Hi everyone! My K3 has just arrived so I'm playing with it at the moment, but I'm having problems with the experimental web browsing. I turn the wireless on, and it appears the 3G symbol on the top, so I guess I'm connected...but when I try to open the browser this message comes out
"Due to local restrictions, web browsing is not available for all countries"

Now, the weird thing is that I can access the Kindle Store and I have even sync with my amazon account 
Italy is 3G covered, so I don't understand why only the browsing feature doesn't work...any thoughts?


----------



## sully5live (Jun 9, 2010)

This is the same for all international versions.  You can access the Kindle store to buy books and Wikipedia but that's it.  There was a period when firmware for the K2 allowed me full access in Spain but in all honesty it was so slow and poorly configured as to be useless.  The only thing I used it for in the end was to access G-Mail which was useful in a pinch but than has gone with the latest K2 firmware (and I assume with the K3i.

HTH


----------



## dimples (Jul 28, 2010)

You will be able to use the browser for other websites if you connect through Wi-Fi


----------



## enys (Aug 29, 2010)

thanks for answers! in fact I connected the wireless at home and it's brilliant (well maybe some websites are a bit too small, but wordreference and such look great! I even managed to see this thread on it ^^)

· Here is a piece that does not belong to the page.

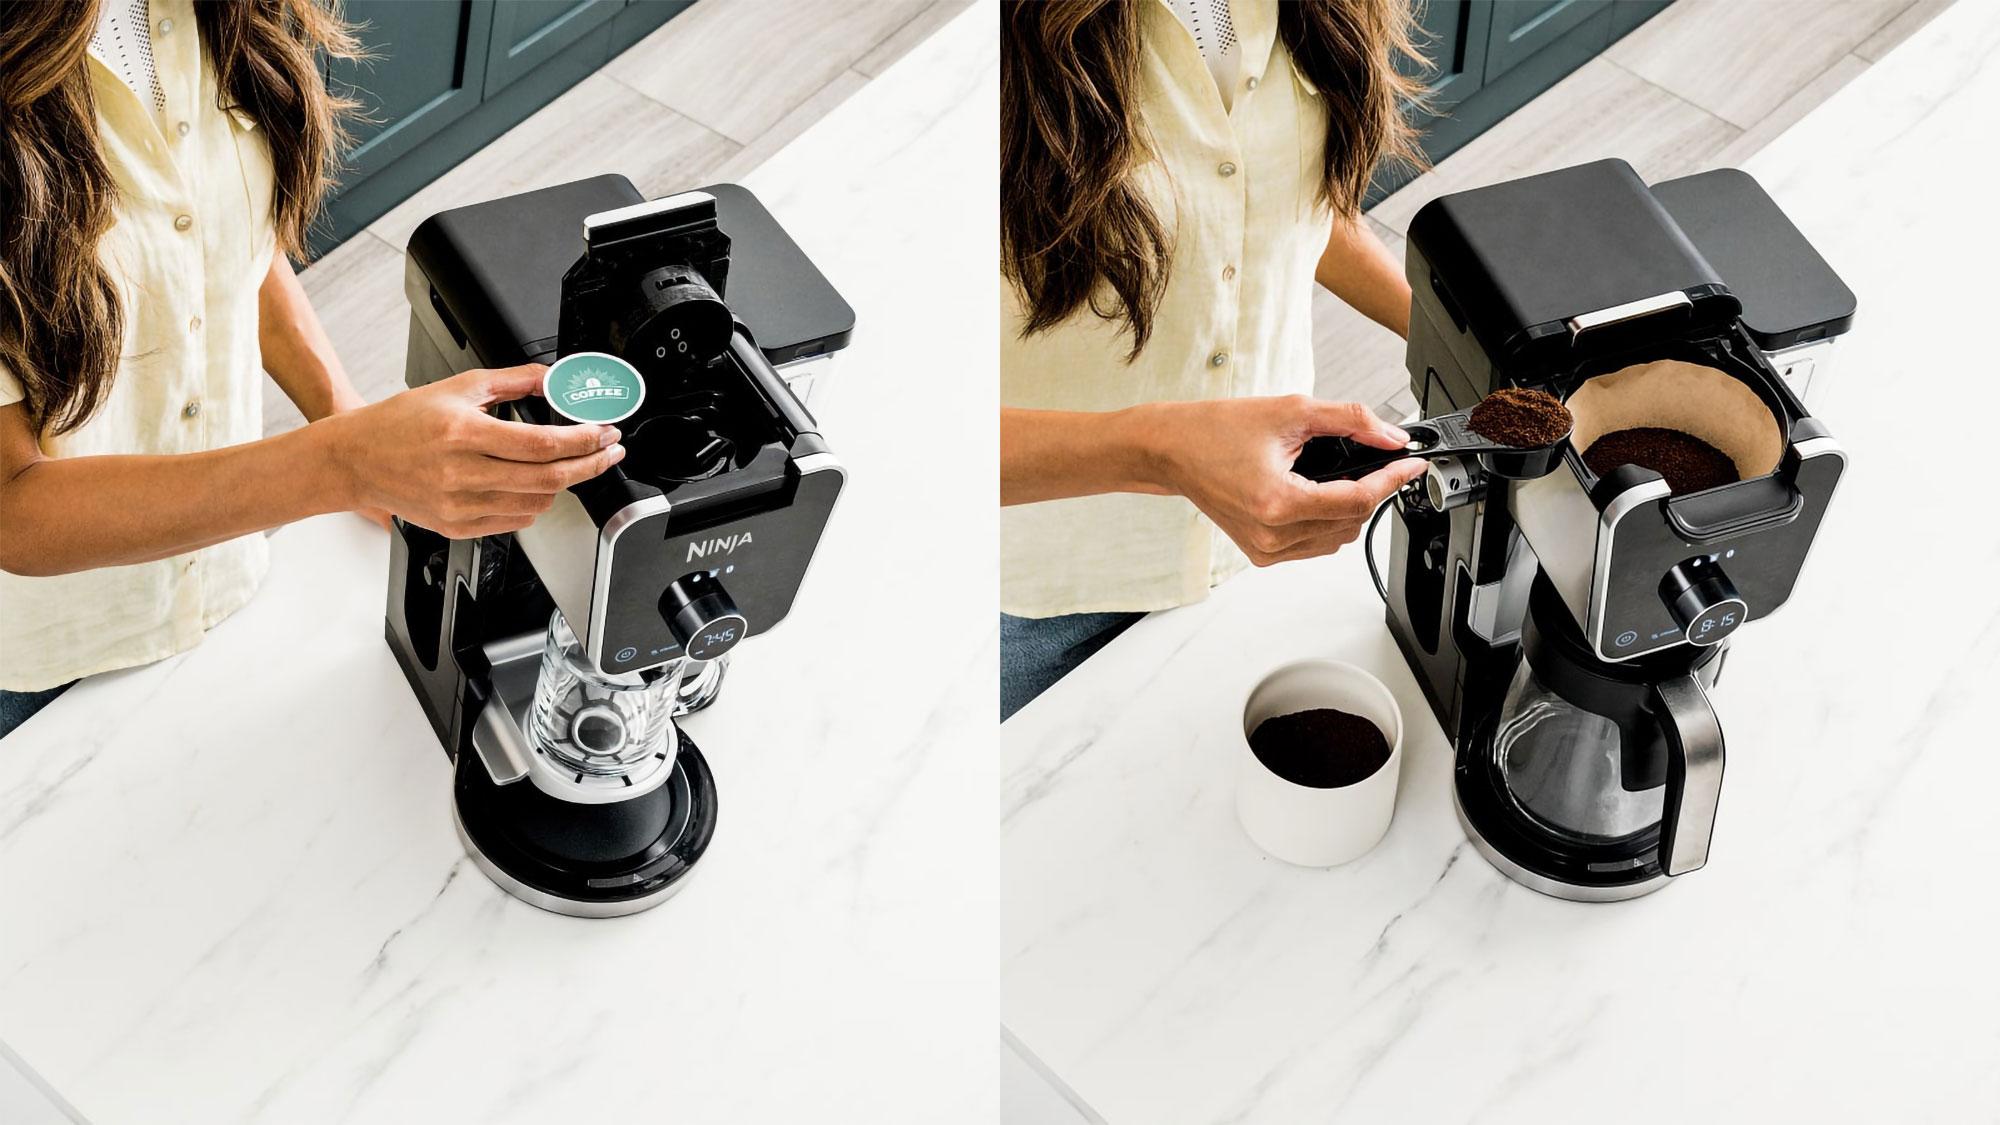 Ninja DualBrew Pro Specialty Coffee System

Ok so 3G-->only Kindle Store and wikipedia
Wi-Fi-->regular browsing

?


----------



## Ann in Arlington (Oct 27, 2008)

Actually, if you've taught your K3 how to connect to your home WiFi.  . . it will use that as the default any time it's within range -- for web access, Kindle Store, whatever.  You really won't use 3G at all unless you're out and about.  And, even then, if it finds a free WiFi hotspot, it will connect using that.  They're kind of all over the place here in the US, especially in cities and towns; usually associated with 'chain' coffee shops or fast food places. . . .not sure how it is in Italia. . . . . .


----------



## enys (Aug 29, 2010)

In Italia is sadly different


----------



## Ann in Arlington (Oct 27, 2008)

enys said:


> In Italia is sadly different


I was afraid that would be the case.  But, still. . . .if you have it at home you're good!


----------



## enys (Aug 29, 2010)

Ann in Arlington said:


> I was afraid that would be the case.  But, still. . . .if you have it at home you're good!


exactly! ^^ in fact I'll need the internet browsing basically for study-related situations (so either home or library or university)...kindle is definitely lighter and less distracting than lapton  anyway it's cool to have the possibility to look up info on wikipedia wherever you are reading


----------